Time-of-day of energy intake: association with hypertension and blood pressure 10 years later in the 1946 British Birth Cohort.

Author information

1
Medical Research Council Human Nutrition Research, Elsie Widdowson Laboratory, Cambridge, UK. suzana.almoosawi@mrc-hnr.cam.ac.uk

Abstract

OBJECTIVES:

The role of circadian rhythm of energy and macronutrient intake in influencing cardiometabolic risk factors is increasingly recognized. However, little is known of the association between time of energy intake and blood pressure. We examined the association between time-of-day of energy intake and subsequent hypertension and change in blood pressure.

METHODS:

The analysis included 517 men and 635 women from the 1946 British birth cohort. Diet was assessed using 5-day estimated diaries. Diaries were divided into seven meal slots: breakfast, mid-morning, lunch, mid-afternoon, dinner, late evening and extras. Time-of-day of energy intake at age 43 years was related to hypertension prevalence at 43 years and incidence at age 53 years and 10-year changes in SBP and DBP using logistic regression and censored regression controlling for medication use.

RESULTS:

Cohort members in the highest quintile of energy intake at breakfast at age 43 years had 30% lower odds of hypertension prevalence compared with those in the lowest.
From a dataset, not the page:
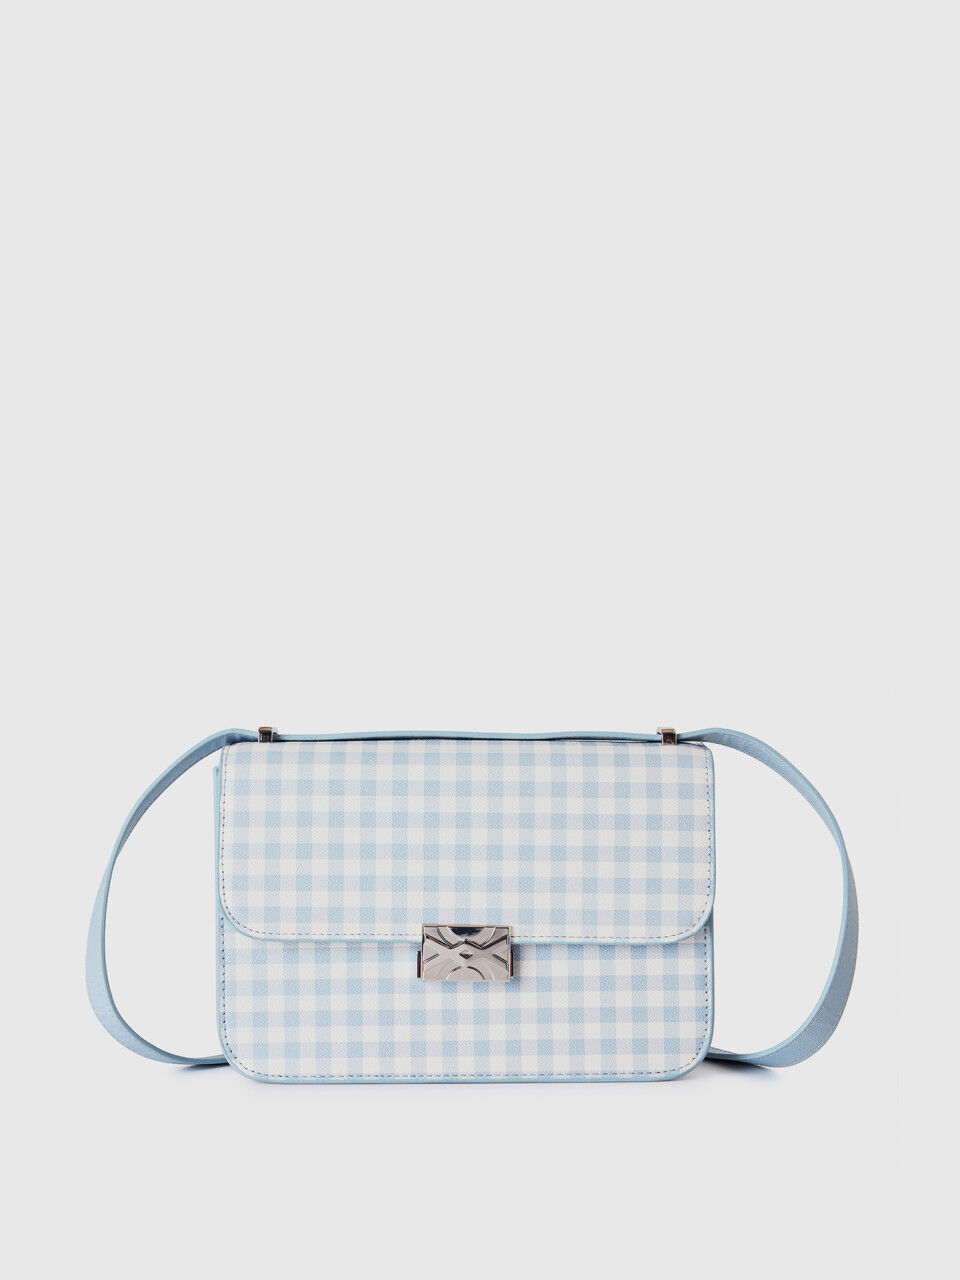 Grand sac Be Bag bleu clair à carreaux Vichy

Cohort members in the highest quintile of energy intake at late evening had higher odds of incident hypertension at age 53 years [odds ratio = 1.55; 95% confidence interval (CI) 0.93-2.61; P for linear trend = 0.052]. Compared to the lowest quintile, the highest quintile of energy intake late in the evening was related to a greater rise in SBP (β = 5.09; 95% CI 1.25-8.93) and DBP (43-53 years) (β = 2.08; 95%CI 0.27-5.32).

CONCLUSION:

Higher energy intake at breakfast is associated with lower hypertension prevalence. Greater energy intake late in the evening is associated with higher hypertension prevalence, incidence and greater increases in blood pressure.

PMID:
23385650
DOI:
10.1097/HJH.0b013e32835ecc06
[Indexed for MEDLINE]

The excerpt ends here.